I have tested my function and it works fine. When calling the function, the arguments acc and index are passed as 0. Here is the function:

public int count_number_of_ways(int amount, int acc, int index,  int[] denominations) {

        if (acc > amount) return 0;

        if (amount == acc) return 1;


        int len = denominations.length;
        int count = 0;

        while (acc < amount) {


            for (int i = index + 1; i < len; i++) {


                count += count_number_of_ways(amount, acc + denominations[i], i, denominations);


            }

            acc += denominations[index];

            if (acc > amount) return count + 0;

            if (acc == amount) return count + 1;

        }

        return count + 0;


}

I tried to compute the time complexity of this function but hit a brick wall. The recursive call is inside a for loop which is inside a while loop and that made things confusing for me. Could anyone help me determine the time complexity for this function ?

Answer 1

Generally speaking in worst case you will spend time proportional to ( amount / denominations[0] ) * ( amount / denominations[1] ) * ... * ( amount / denominations[n] ), where n - number of denominations.

This is because you look over all sets of counts for each of your denominations.
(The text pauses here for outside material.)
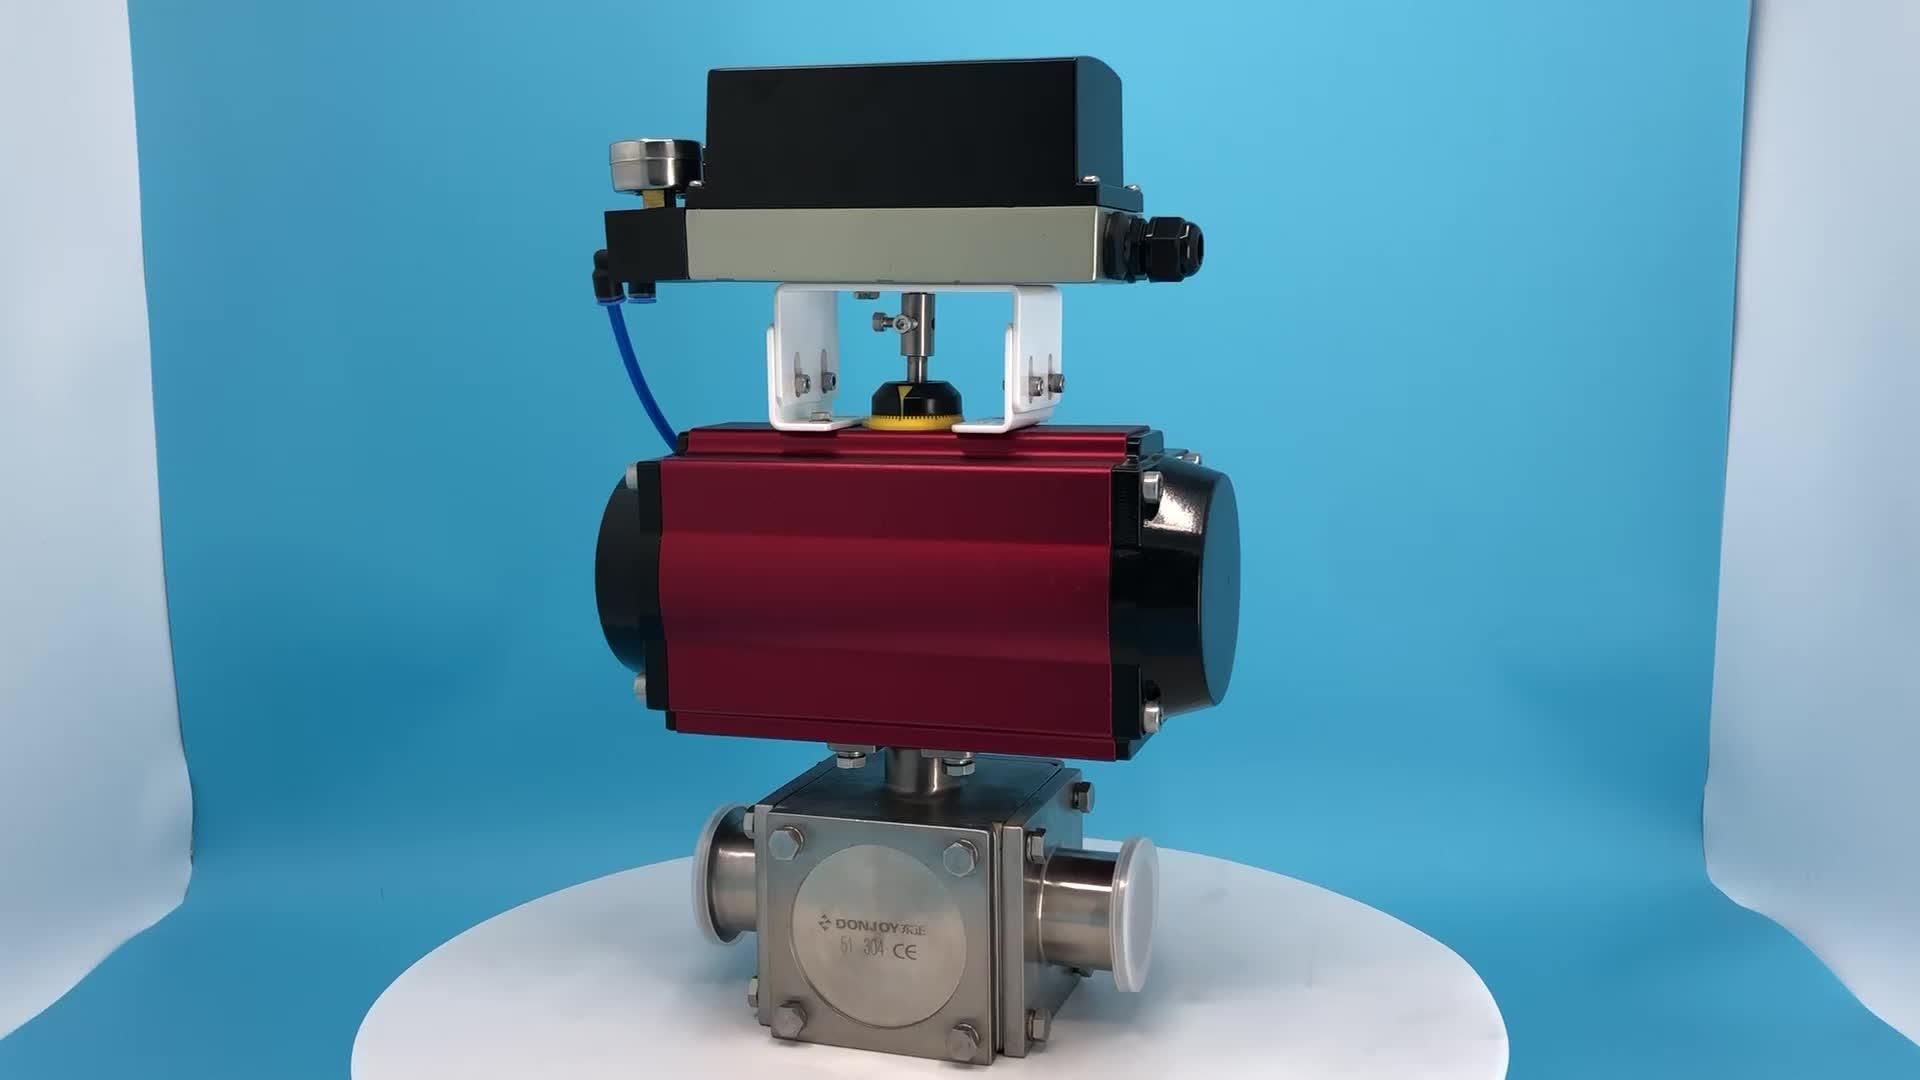 DONJOY Stainless steel sanitary Horizontal Pneumatic actuators

And maximum count for particular denomination number i is amount / denominations[i] .

In real case you stop the process earlier but I don't think it changes O((amount/geometric_average_denomination)^n).
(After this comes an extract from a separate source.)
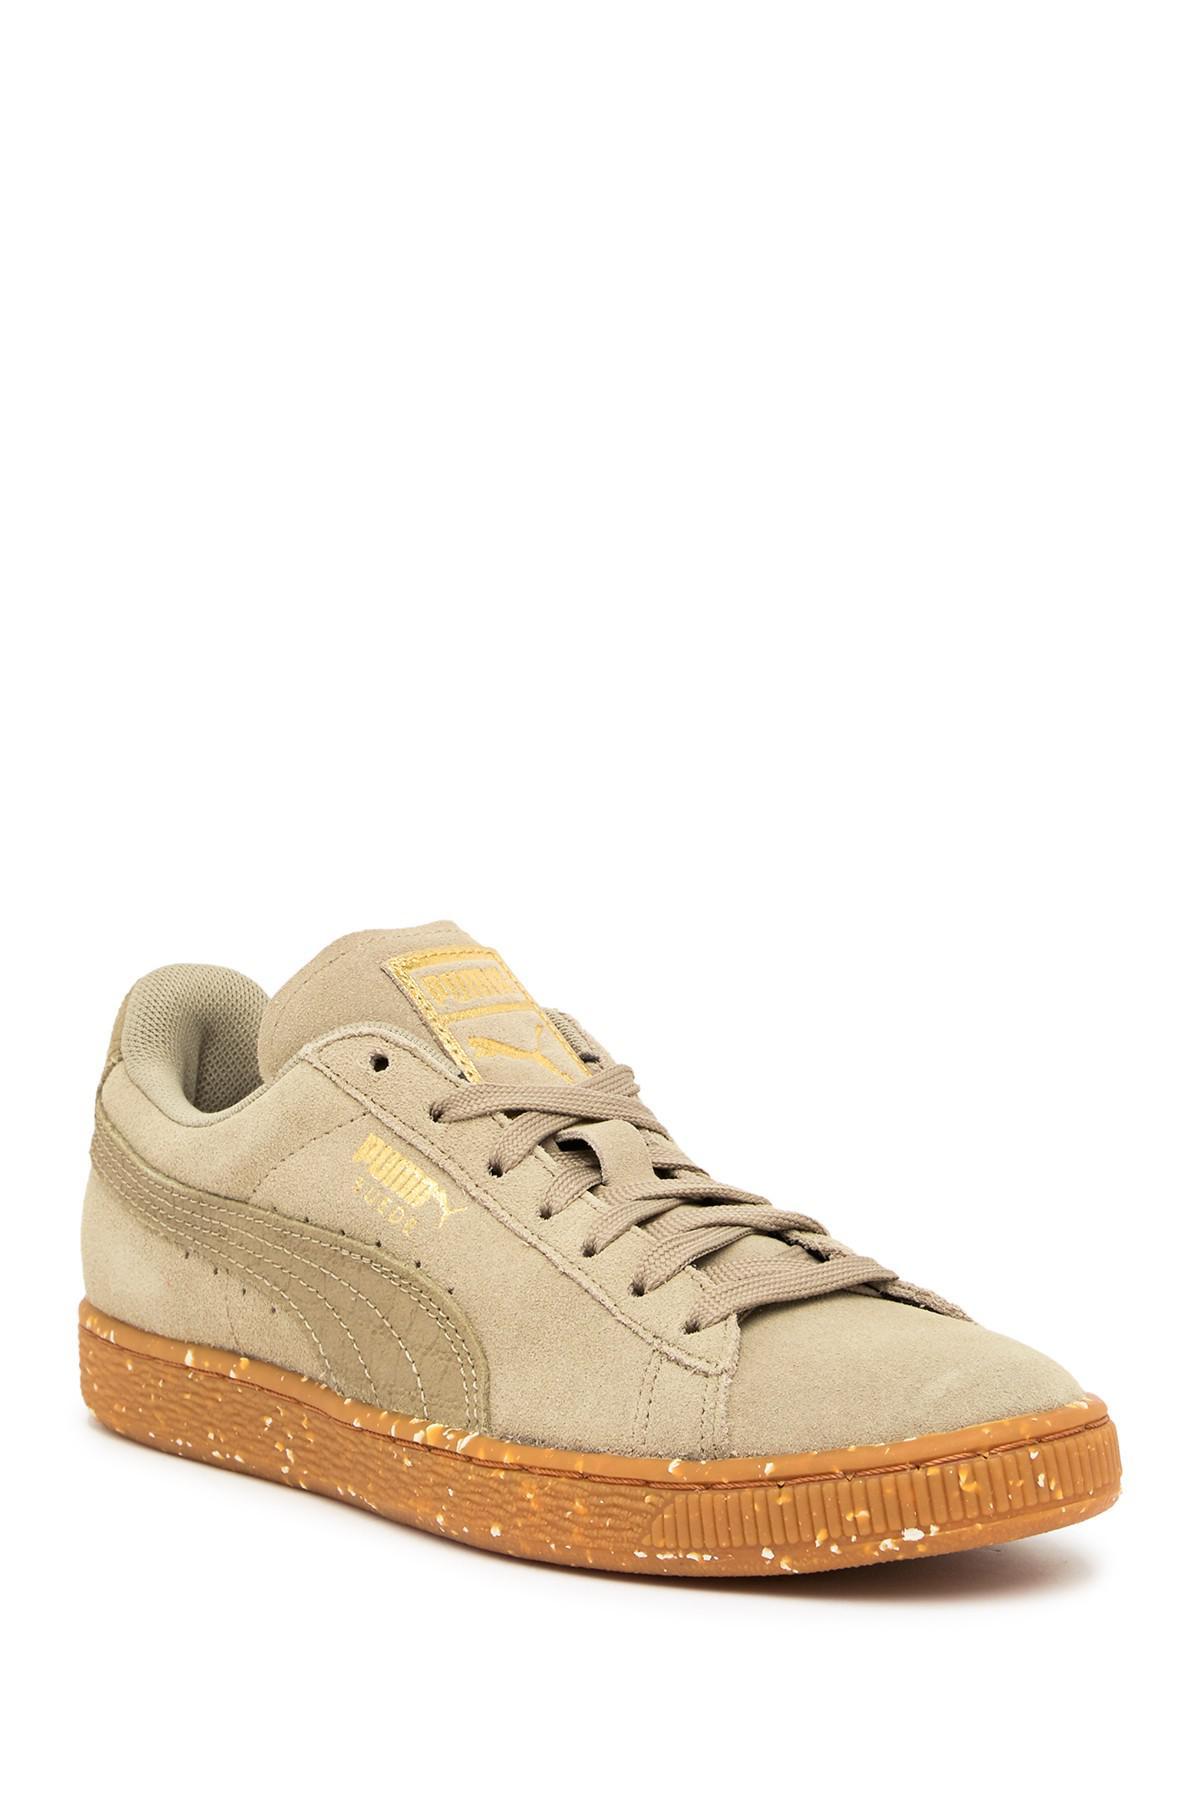 Lyst - PUMA Suede Classic Ft Sneaker in Brown for Men 15e5f5a77

It's possible to avoid exponential time though. For that you can use dynamic programming approach. Here is my version of your algorithm requiring O(amount * n) time:

public static int count_number_of_ways(int amount, int index, Integer[][] cache, int[] denominations) {
    if (cache == null)
        cache = new Integer[denominations.length][amount + 1];
    if (amount == 0) {
        int ret = 1;
        cache[index][amount] = ret;
        return ret;
    }
    if (cache[index][amount] != null) {
        return cache[index][amount];
    }
    int ret = 0;
    if (index + 1 < denominations.length)
        ret += count_number_of_ways(amount, index + 1, cache, denominations);
    if (amount >= denominations[index])
        ret += count_number_of_ways(amount - denominations[index], index, cache, denominations);
    cache[index][amount] = ret;
    return ret;
}

The idea is to fill matrix of size [n][amount] where each element (i,j) is number of solutions for amount=j using subset of denominations with indexes>=i. You fill each element of this cache matrix only once and reuse it later if it's defined already.

Use it like:

int ret = count_number_of_ways(amount, 0, null, denominations)